BEGIN Records for this task

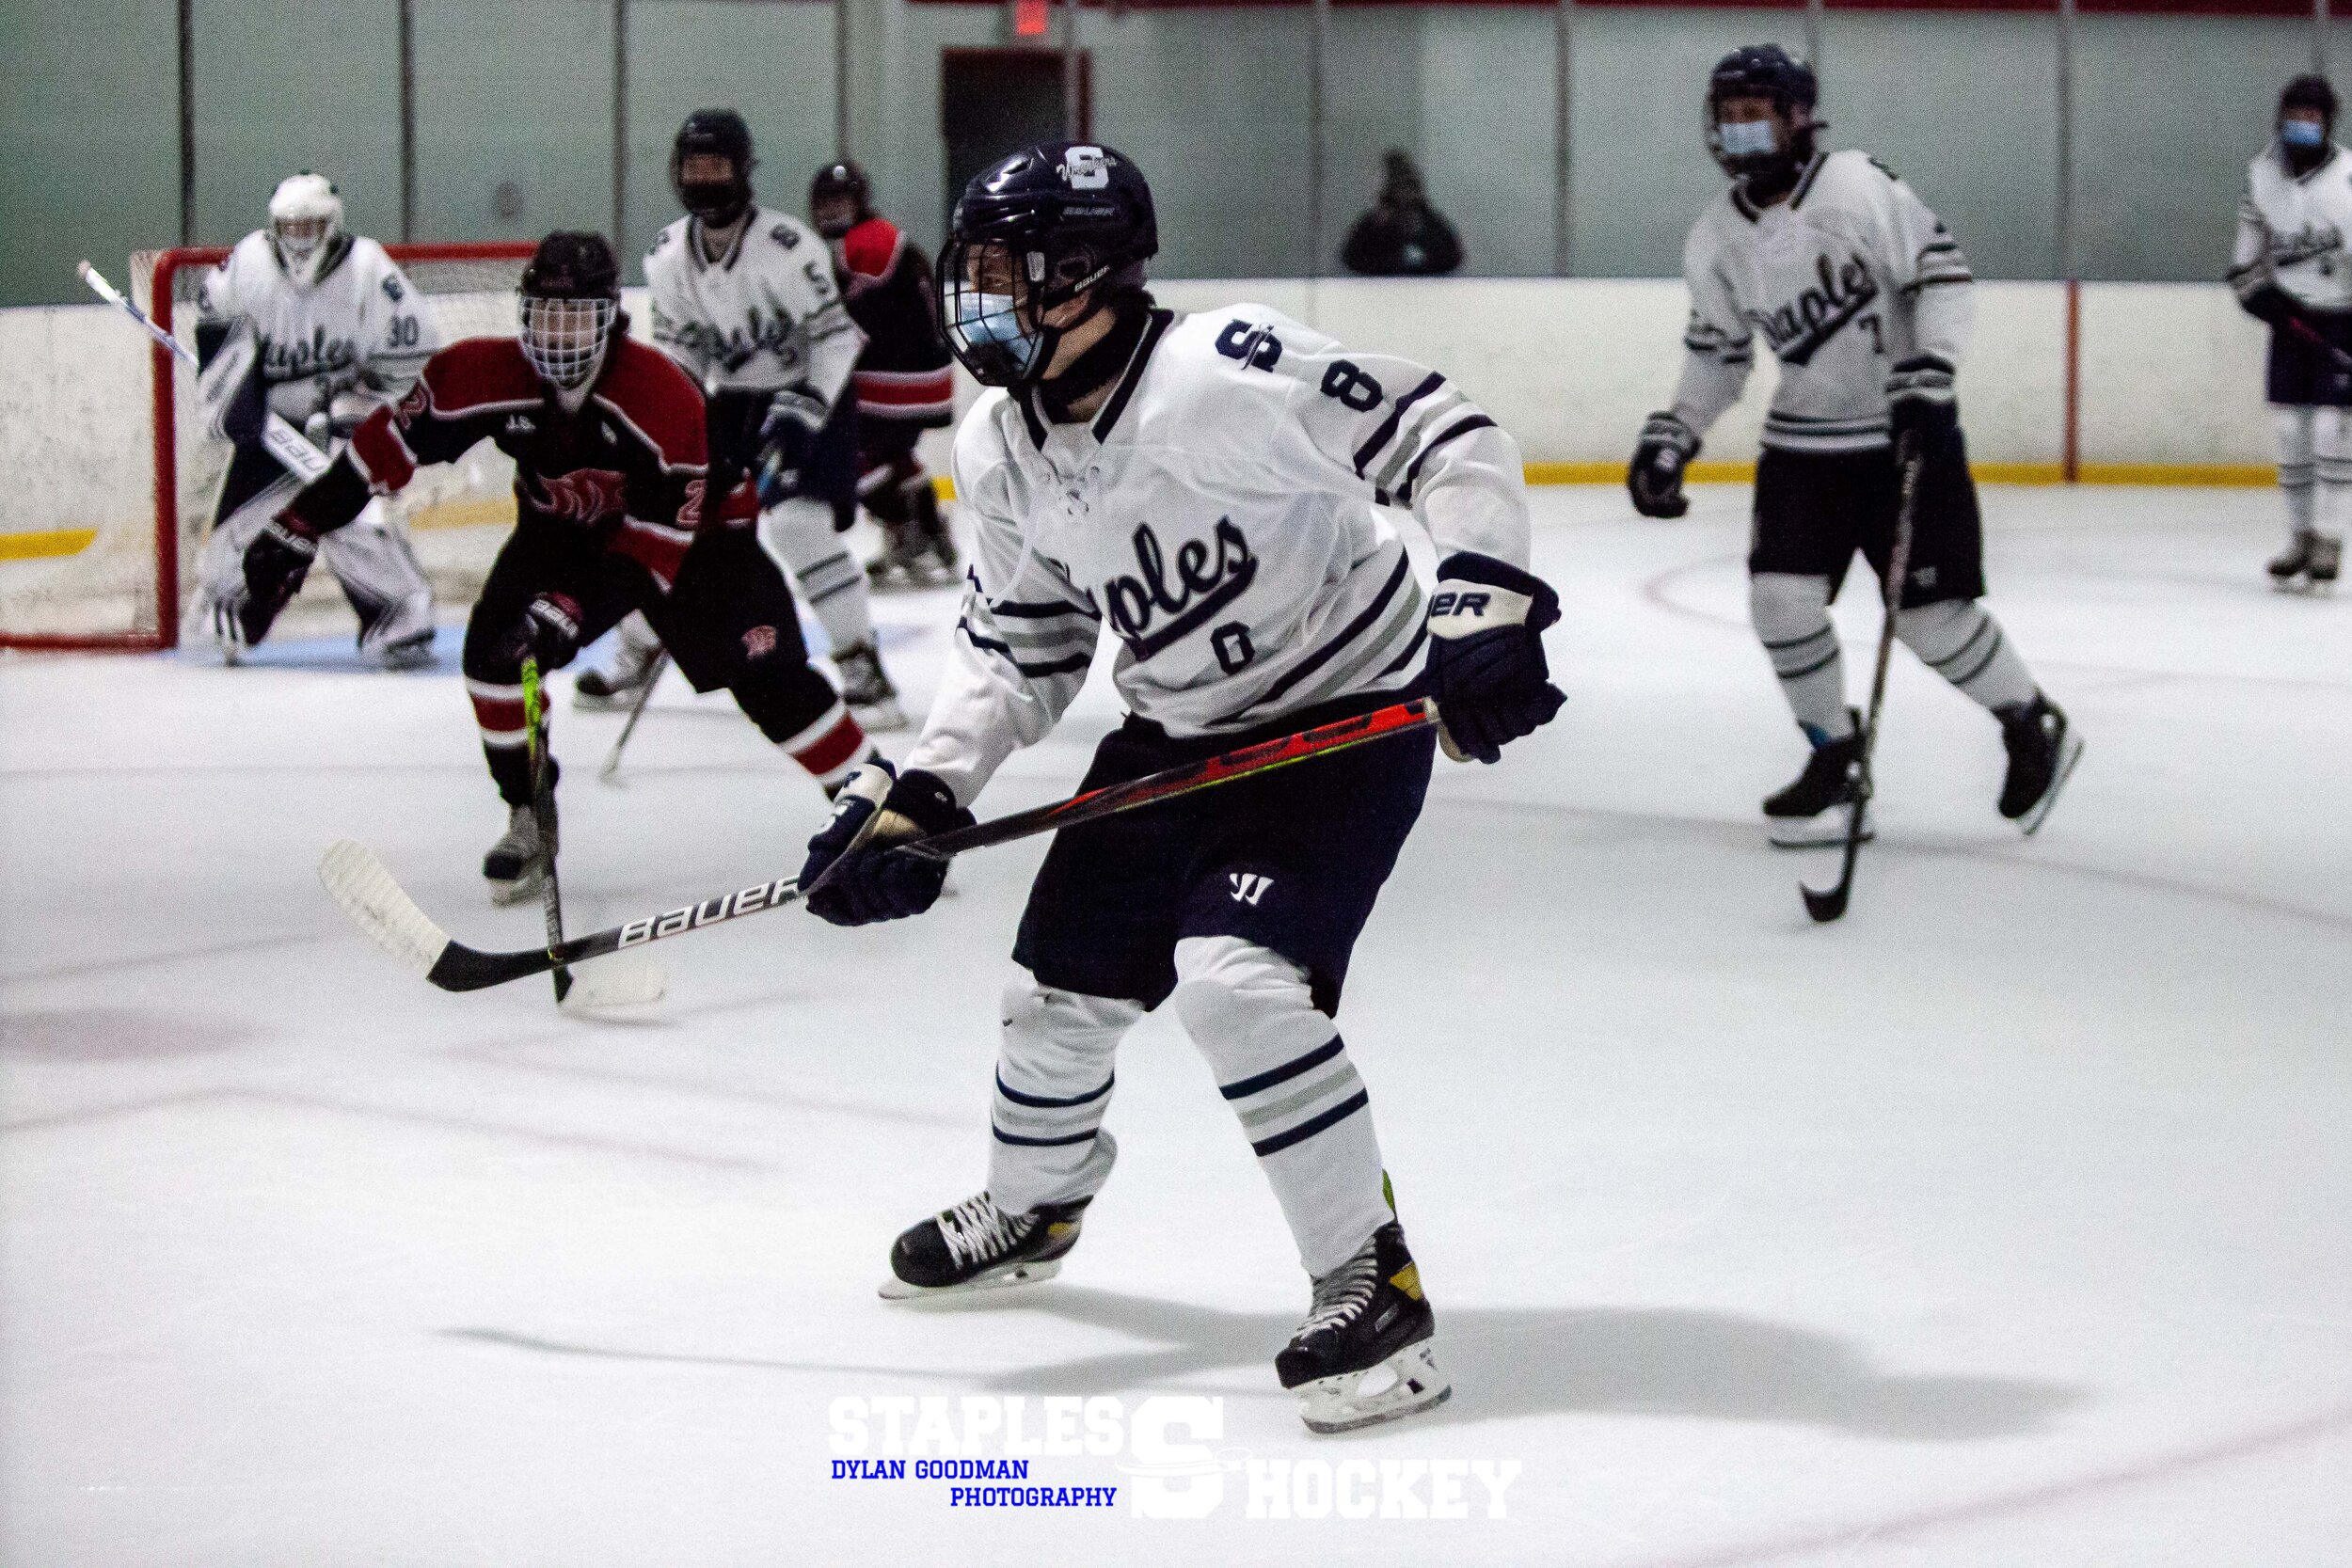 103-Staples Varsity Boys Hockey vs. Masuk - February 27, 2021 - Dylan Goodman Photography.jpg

END Records for this task
BEGIN Records for this task

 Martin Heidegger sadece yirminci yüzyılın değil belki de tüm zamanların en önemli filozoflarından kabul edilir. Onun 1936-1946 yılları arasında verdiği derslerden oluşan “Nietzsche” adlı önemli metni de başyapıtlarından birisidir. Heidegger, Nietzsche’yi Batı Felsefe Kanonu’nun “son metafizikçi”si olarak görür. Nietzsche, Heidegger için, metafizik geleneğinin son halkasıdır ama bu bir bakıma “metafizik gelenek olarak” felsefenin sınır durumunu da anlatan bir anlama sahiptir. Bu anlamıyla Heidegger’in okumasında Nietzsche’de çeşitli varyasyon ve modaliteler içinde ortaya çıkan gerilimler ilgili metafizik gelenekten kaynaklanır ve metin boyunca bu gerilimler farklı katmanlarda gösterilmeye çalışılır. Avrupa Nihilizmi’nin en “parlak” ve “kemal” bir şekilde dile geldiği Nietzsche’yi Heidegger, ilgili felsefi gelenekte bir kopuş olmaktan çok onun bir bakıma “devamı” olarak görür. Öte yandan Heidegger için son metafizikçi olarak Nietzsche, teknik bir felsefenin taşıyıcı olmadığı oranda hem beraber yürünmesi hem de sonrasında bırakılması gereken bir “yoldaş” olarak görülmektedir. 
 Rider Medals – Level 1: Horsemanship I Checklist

END Records for this task

When you reach the line holding "Martin Heidegger sadece" in the records above, begin reproducing exactly, stop after the line holding "Rider Medals –", and output nothing else.

▶ Reply
 Martin Heidegger sadece yirminci yüzyılın değil belki de tüm zamanların en önemli filozoflarından kabul edilir. Onun 1936-1946 yılları arasında verdiği derslerden oluşan “Nietzsche” adlı önemli metni de başyapıtlarından birisidir. Heidegger, Nietzsche’yi Batı Felsefe Kanonu’nun “son metafizikçi”si olarak görür. Nietzsche, Heidegger için, metafizik geleneğinin son halkasıdır ama bu bir bakıma “metafizik gelenek olarak” felsefenin sınır durumunu da anlatan bir anlama sahiptir. Bu anlamıyla Heidegger’in okumasında Nietzsche’de çeşitli varyasyon ve modaliteler içinde ortaya çıkan gerilimler ilgili metafizik gelenekten kaynaklanır ve metin boyunca bu gerilimler farklı katmanlarda gösterilmeye çalışılır. Avrupa Nihilizmi’nin en “parlak” ve “kemal” bir şekilde dile geldiği Nietzsche’yi Heidegger, ilgili felsefi gelenekte bir kopuş olmaktan çok onun bir bakıma “devamı” olarak görür. Öte yandan Heidegger için son metafizikçi olarak Nietzsche, teknik bir felsefenin taşıyıcı olmadığı oranda hem beraber yürünmesi hem de sonrasında bırakılması gereken bir “yoldaş” olarak görülmektedir. 
 Rider Medals – Level 1: Horsemanship I Checklist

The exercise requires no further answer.